SUMMARY: cl.h causes a choke on John the Ripper and a hangs on Hashcat when executing clCreateKernel(program[gpu_id], "wpapsk_final_sha256", &ret_code) for wpapsk. How may I fix this problem -- especially/at the very least for Hashcat?
NOTE: This post is a clarification and elaboration of my earlier post (which incorrectly and insufficiently identified the problem with OpenCL for Mali):
Rockchip-mali-midgard: OpenCL broken; please add earlier compilation (version) to repository and fix the current one - Rockchip-mali-midgard: OpenCL broken; please add earlier compilation (version) to repository and fix the current one
To enable OpenCL (initially just for use with Hashcat), I have installed OpenCL ICD Loader, plus clinfo. Three additional packages I installed for John the Ripper, to use it for purposes of comparison.
apt-get install ocl-icd-libopencl1 clinfo libopenmpi2 openmpi-bin argon2
The following additional packages will be installed:
libgfortran3 libhwloc-plugins libhwloc5 libibverbs1 openmpi-common
apt-get install mesa-opencl-icd
When I ran JtR, I had an auspicious (4266c/s for whole GPU) start with Ubuntu Bionic's CL, from opencl-c-headers.
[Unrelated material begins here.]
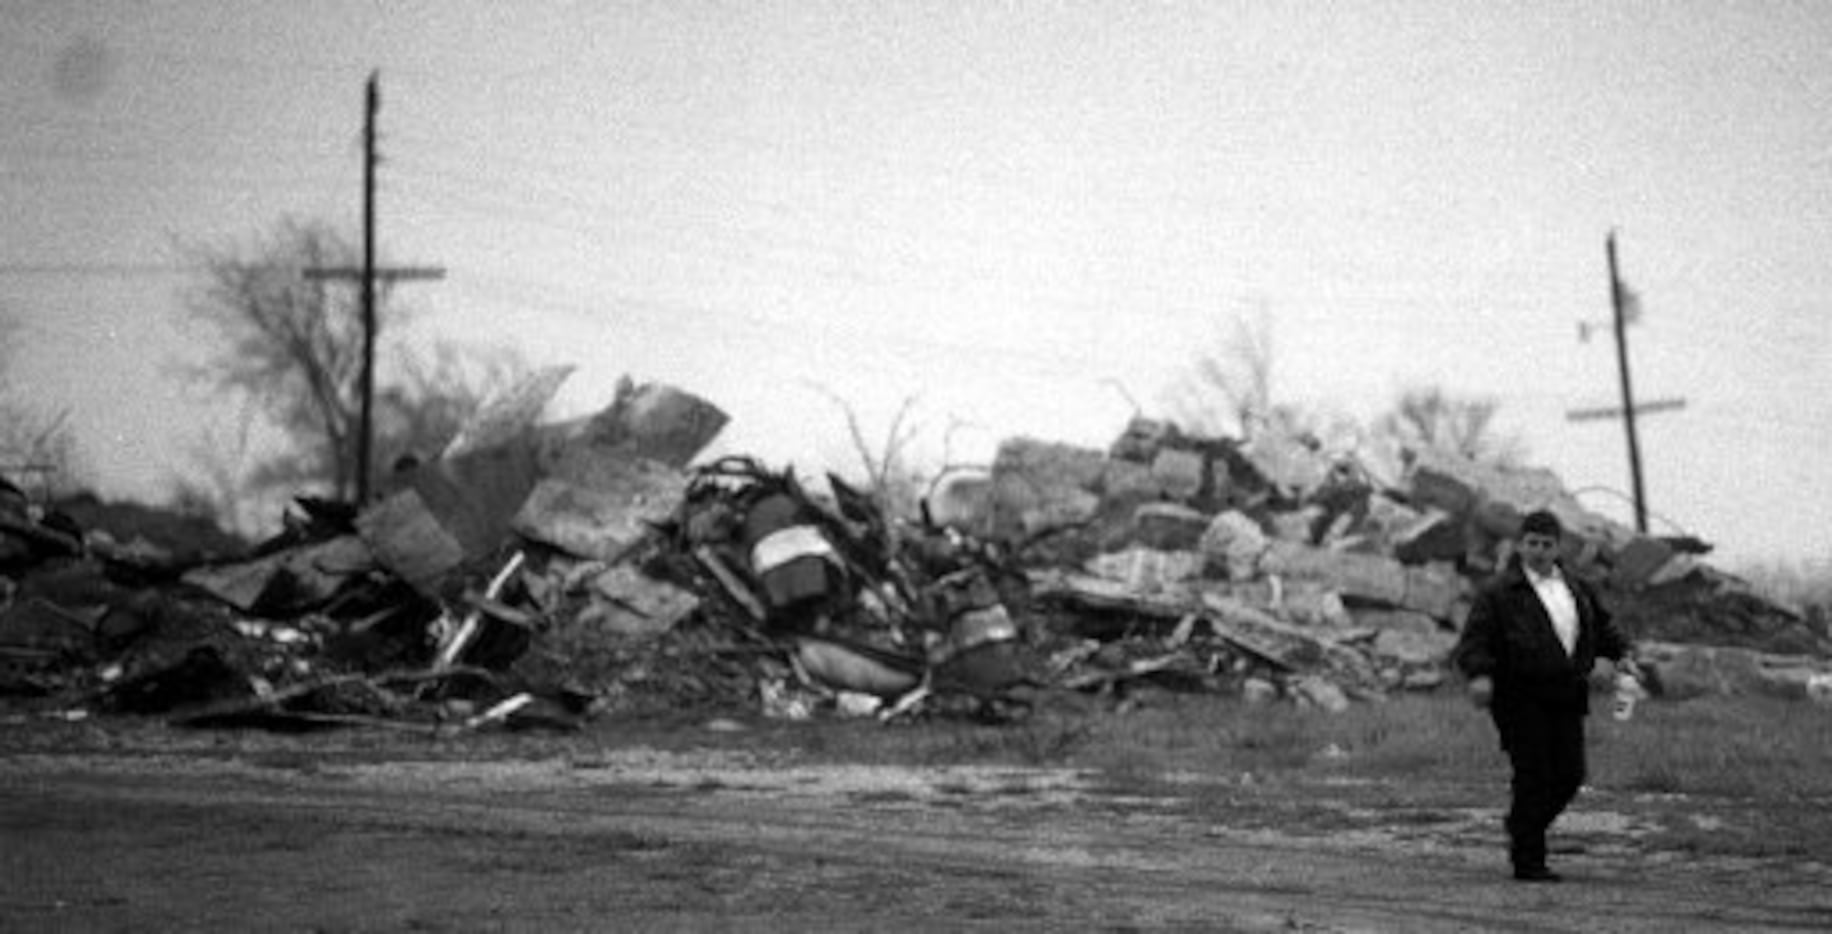 Rubble at the compound one year after the February 28 gunbattle that started the standoff.

NOTE: any performance is acceptable, as this exercise is one of education and understanding on a tight budget.
john-1.9.0-jumbo-1/src$ …/run/john --test --format=opencl --force-scalar
Device 1@wifi: Mali-T860
Benchmarking: sha1crypt-opencl, (NetBSD) [PBKDF1-SHA1 OpenCL]… DONE
Speed for cost 1 (iteration count) of 64000 and 40000
Raw: 38.6 c/s real, 4266 c/s virtual
Later, I was able to achieve better results.
Bionic’s CL, from opencl-c-headers, works in ~3-5min.
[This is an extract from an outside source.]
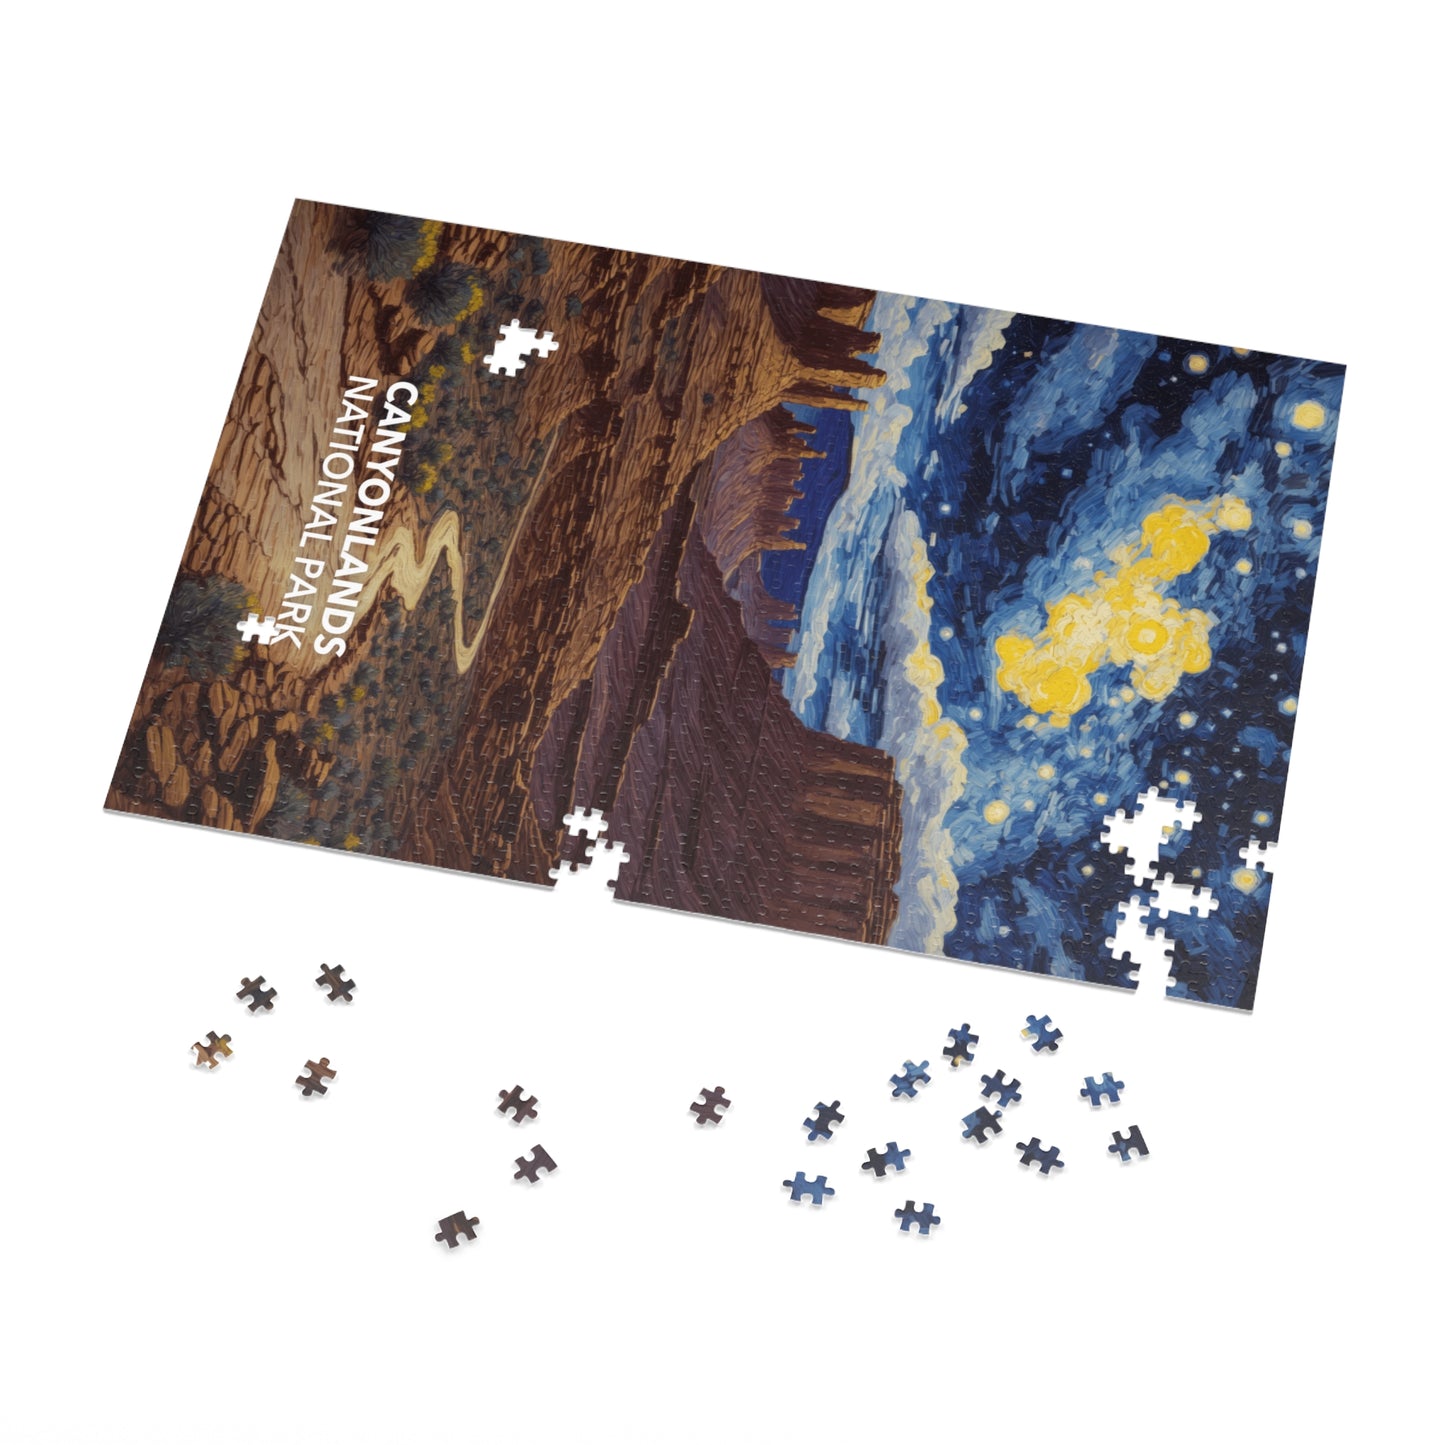 Canyonlands National Park Jigsaw Puzzle - The Starry Night

john-1.9.0-jumbo-1-compiled_with_1bionic_headers/src$ …/run/john --test --format=opencl --force-scalar
Benchmarking: sha1crypt-opencl, (NetBSD) [PBKDF1-SHA1 OpenCL]… DONE
Speed for cost 1 (iteration count) of 64000 and 40000
Raw: 53.7 c/s real, 5120 c/s virtual
NOTE: speed doubled. (I accidentally ran the test again.)
john-1.9.0-jumbo-1-compiled_with_1bionic_headers/src$ …/run/john --test --format=opencl --force-scalar
Device 1@wifi: Mali-T860
Benchmarking: sha1crypt-opencl, (NetBSD) [PBKDF1-SHA1 OpenCL]… DONE
Speed for cost 1 (iteration count) of 64000 and 40000
Raw: 113 c/s real, 6400 c/s virtual
But I noticed that JtR choked on /at least/ one format: the one I need to use.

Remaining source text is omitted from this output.